━━ GIVEN DATA
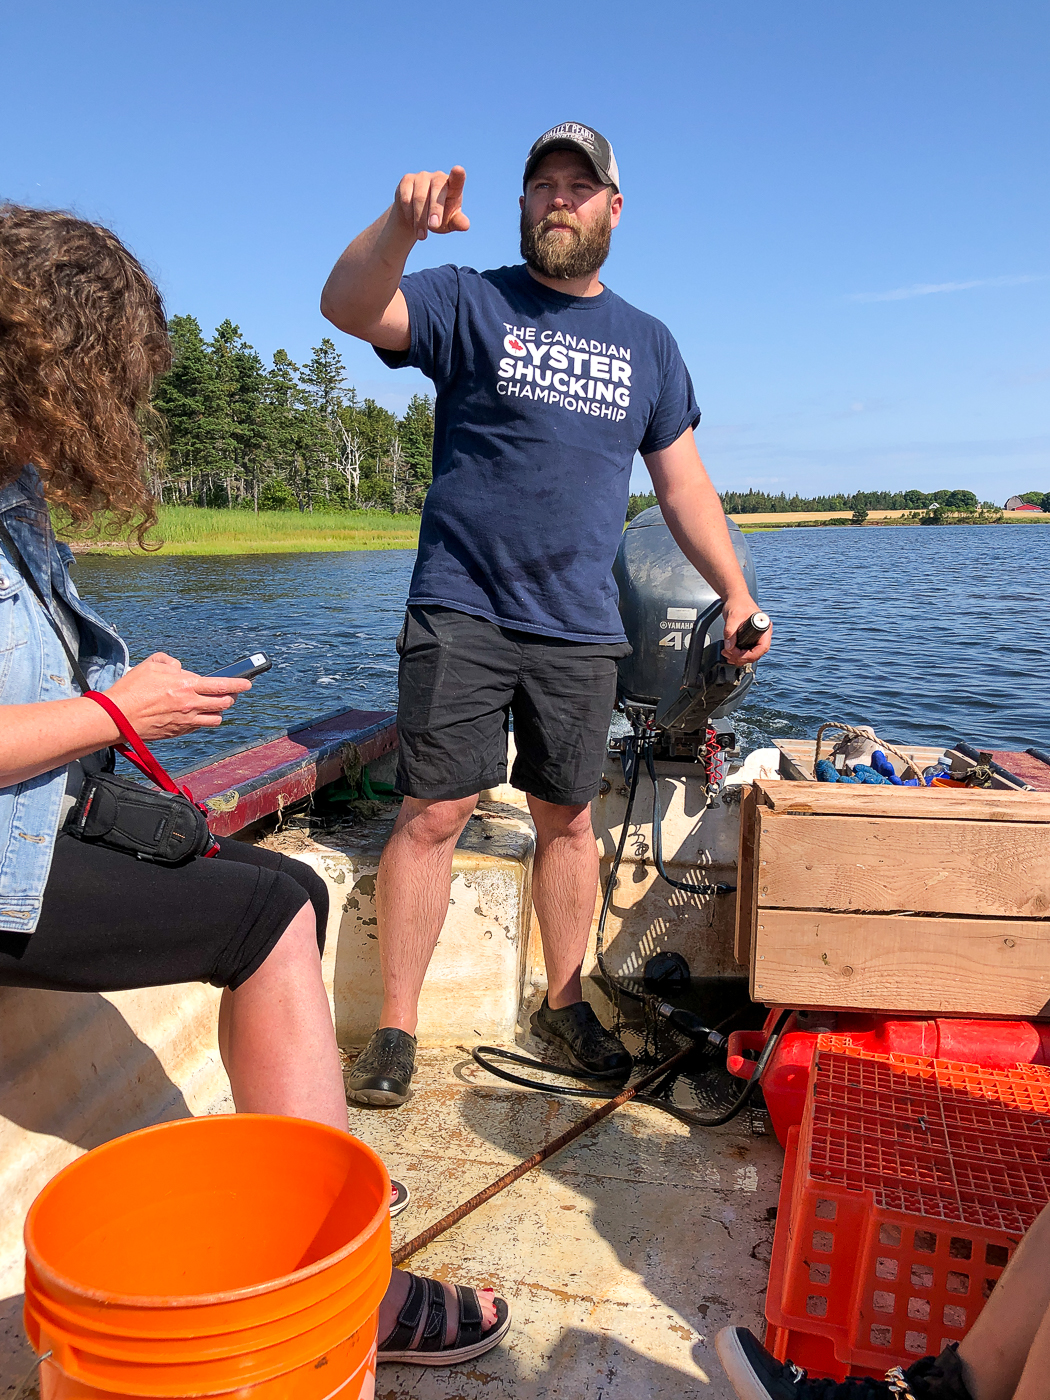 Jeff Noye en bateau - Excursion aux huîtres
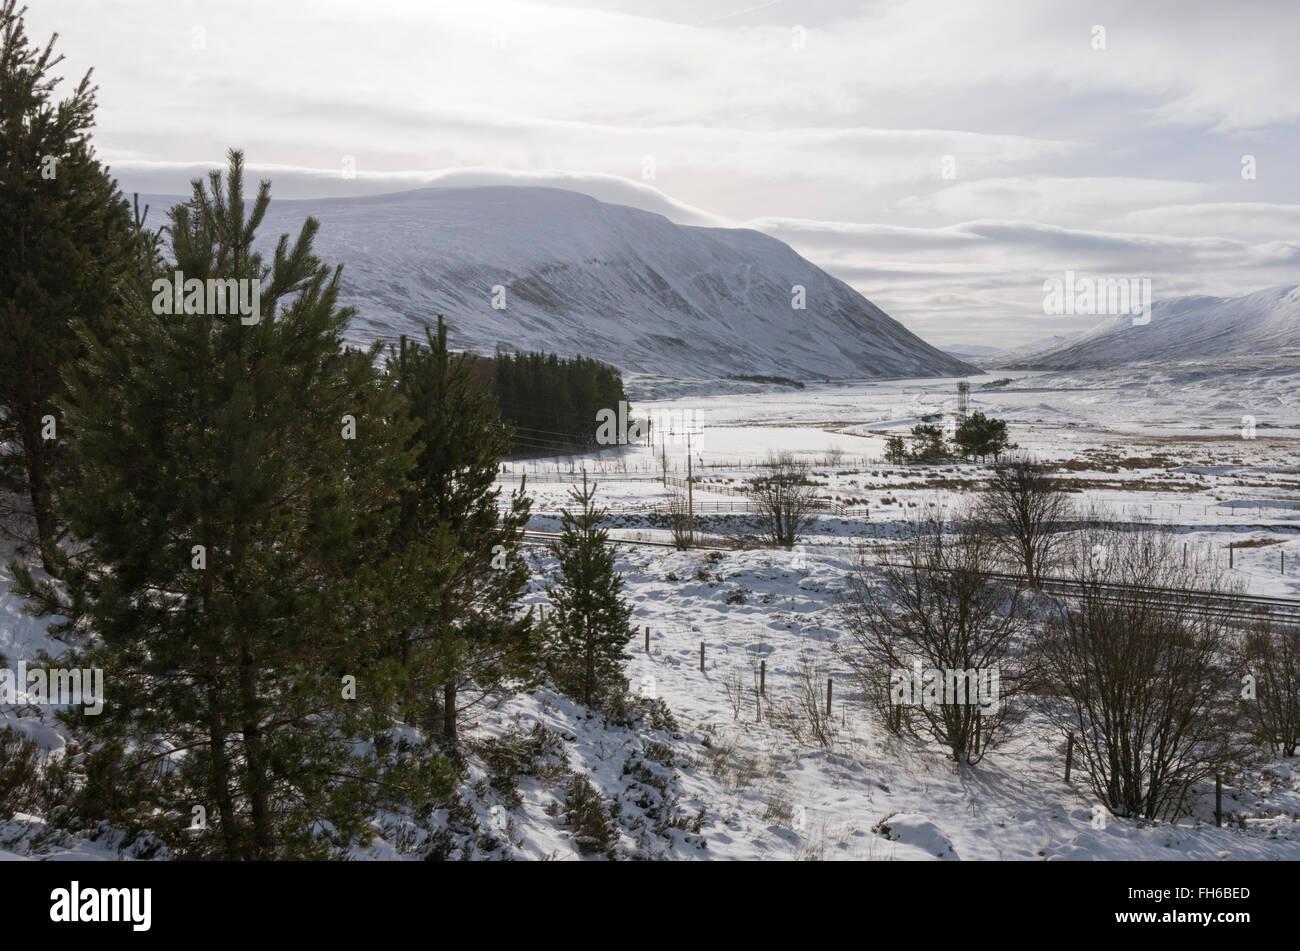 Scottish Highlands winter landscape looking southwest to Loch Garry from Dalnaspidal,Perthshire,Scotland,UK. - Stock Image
━━━━
━━ GIVEN DATA
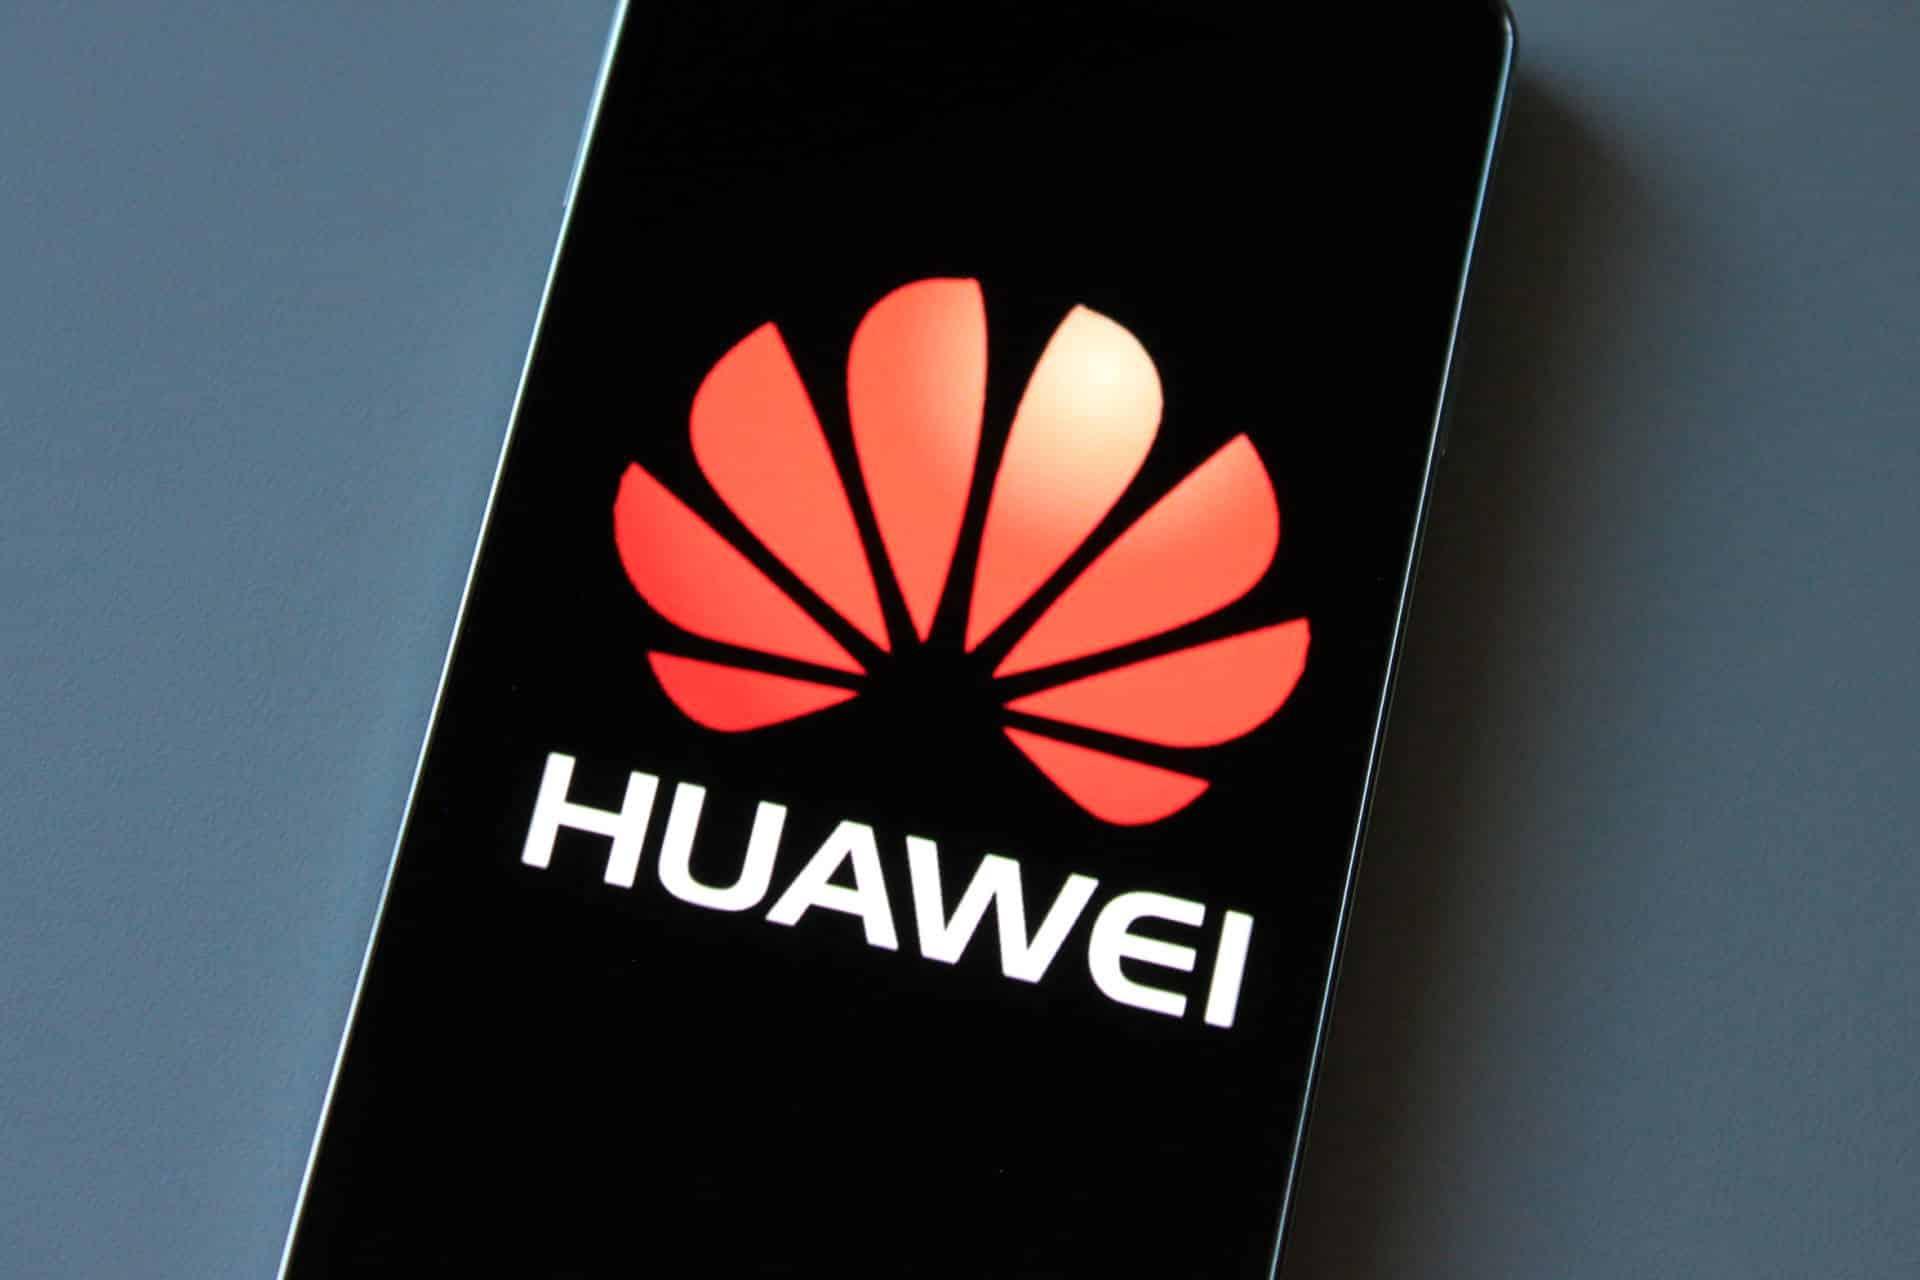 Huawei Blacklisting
━━━━
◆ DIRECTIONS: Without the pictures, give again exactly the lines above starting at the line containing "Jeff Noye en bateau - Excursion aux huîtres" and ending at the line containing "Scottish Highlands winter".

◆ TASK OUTPUT:
 Jeff Noye en bateau - Excursion aux huîtres
 Scottish Highlands winter landscape looking southwest to Loch Garry from Dalnaspidal,Perthshire,Scotland,UK. - Stock Image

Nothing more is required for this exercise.